5.3 Potential factors affecting the results

Several bias factors might affect the result. The lack of well documented images with a different detector that might use a different method in capturing the scan could affect the consistency of the results. In COVID-19 classification, it is necessary to use chest X-ray images that are adequate for this purpose. Most studies in the literature employed various techniques to handle biological data in their approaches. These pro-posed techniques are accepted in conventional imaging classifications. Biomedical im-ages should be addressed with caution, and specific rules must be followed while processing them so that the modified images do not differ from the original image. Due to the newly developing knowledge in this area, it is impossible to recommend a method or a set of techniques that is more efficient in identifying COVID-19 from a chest X-ray image. Most studies have an accuracy rate of more than 85%, which is statistically a very high degree of accuracy.
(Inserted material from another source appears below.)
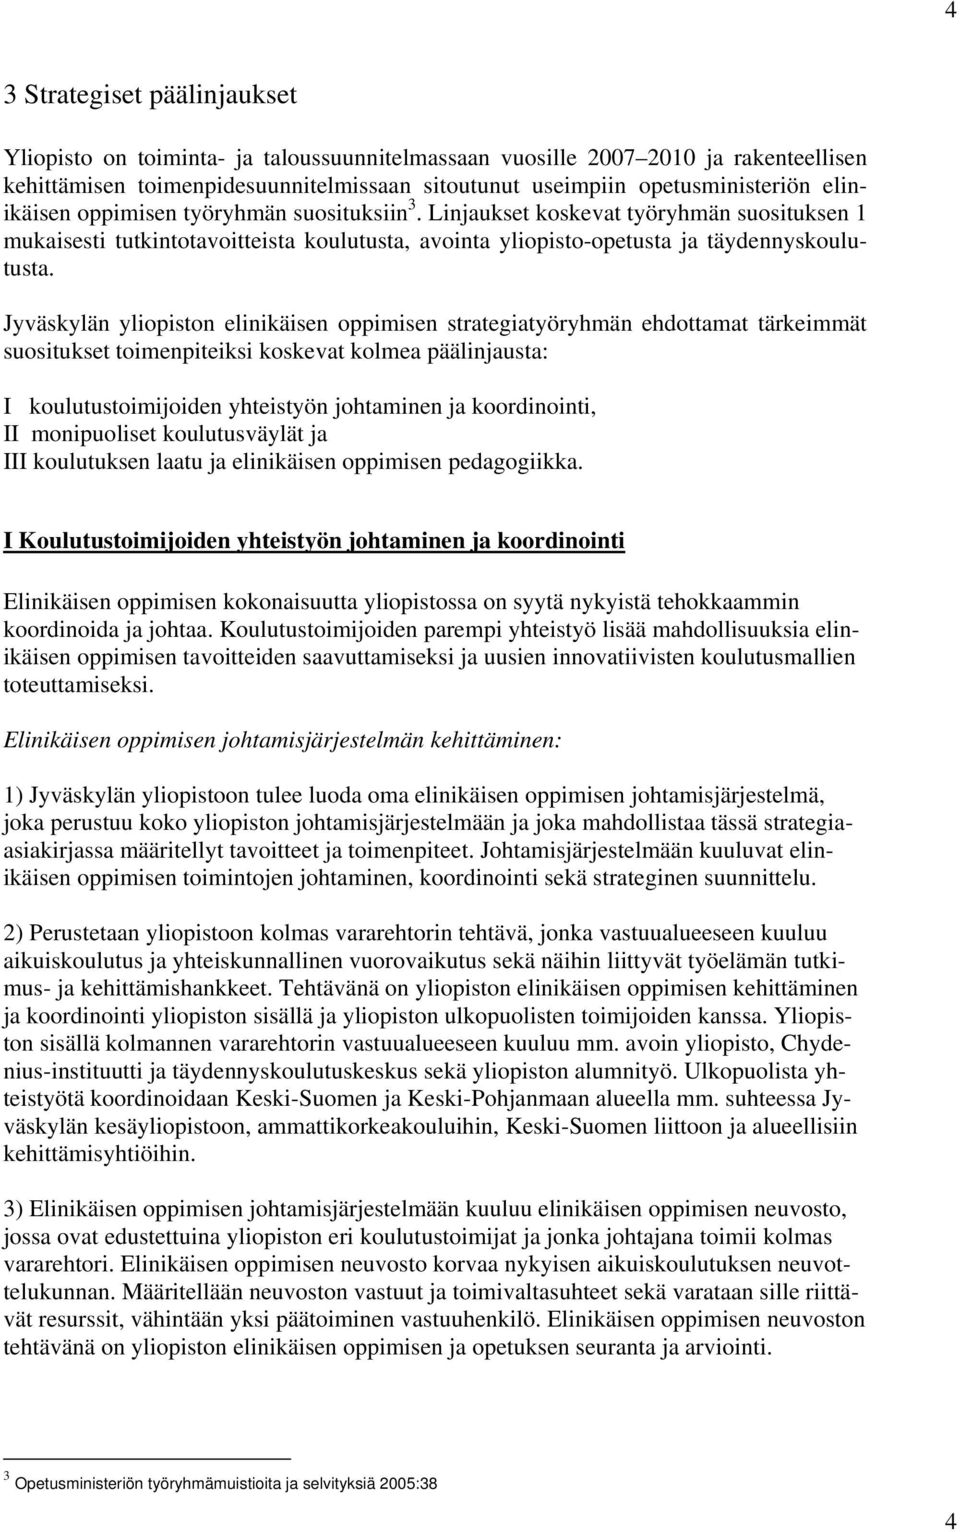 Jyväskylän yliopiston elinikäisen oppimisen strategiatyöryhmän ehdottamat tärkeimmät suositukset toimenpiteiksi koskevat kolmea päälinjausta: I koulutustoimijoiden yhteistyön johtaminen ja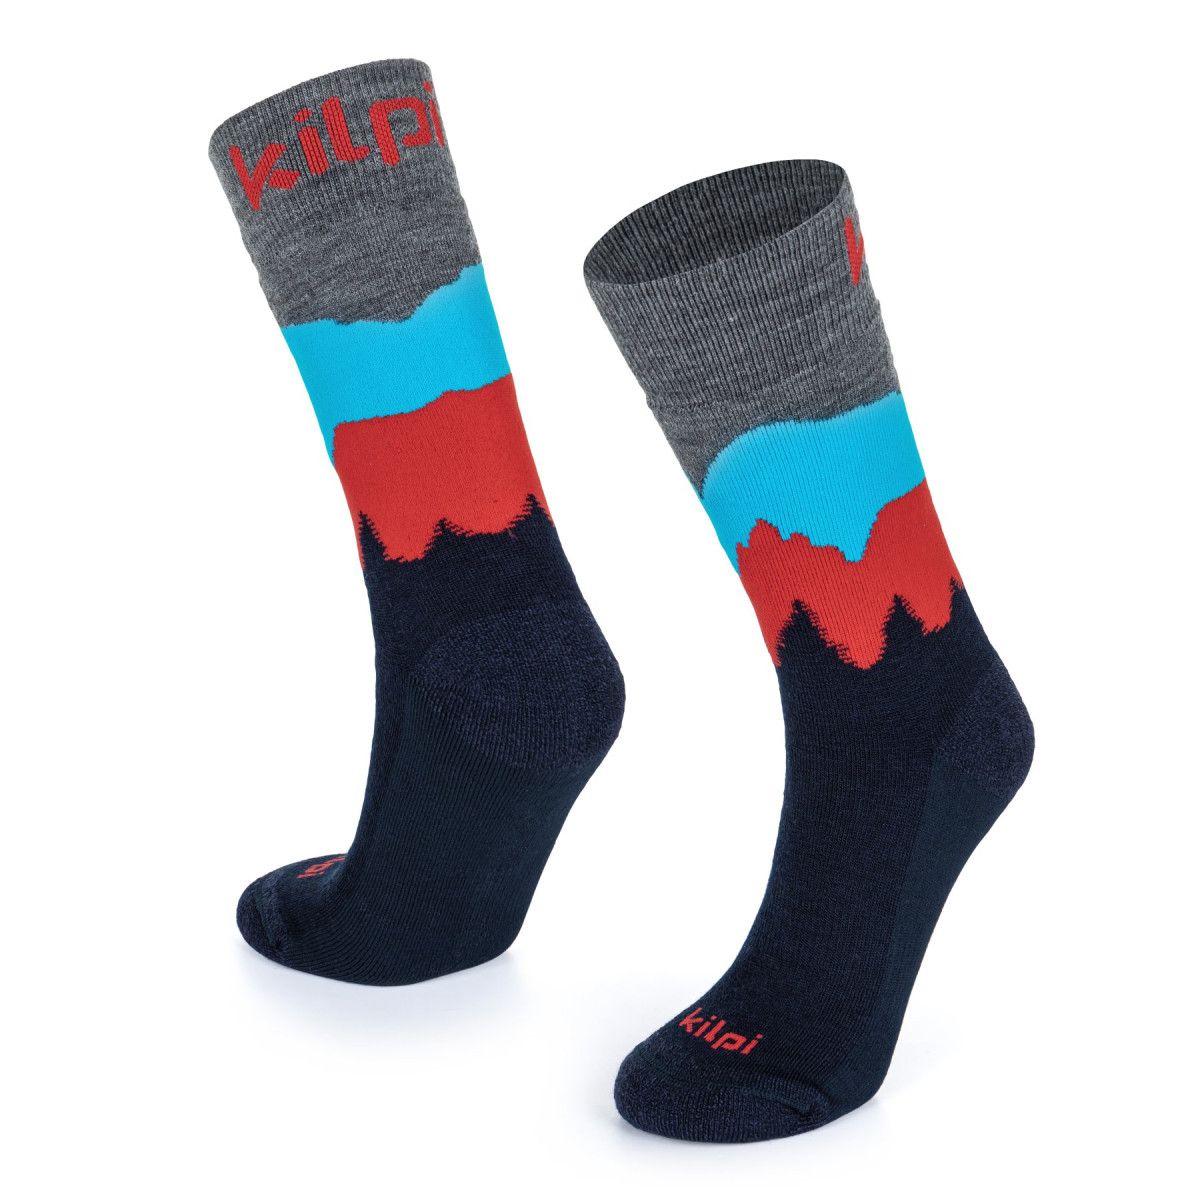 Unisex ponožky z merino vlny Kilpi NORS-U černé 32-36

Aiming for 100% accuracy would be idealistic, as even a tiny percentage of misdiagnoses is problematic.

AI systems may have some utility in a supervised therapeutic context. We argue that putting these techniques into clinical practice requires more than just classification. As we show in experiment 1, it should be approached with caution. In contrast to what we saw in experiments 1 and 2, the result showed that the system recognizes are-as to non-diagnostic regions. As a result, these findings are not in line with a clinical viewpoint. Lung segmenting is required to direct the neural network’s attention to the lung organ, as shown in experiment 3.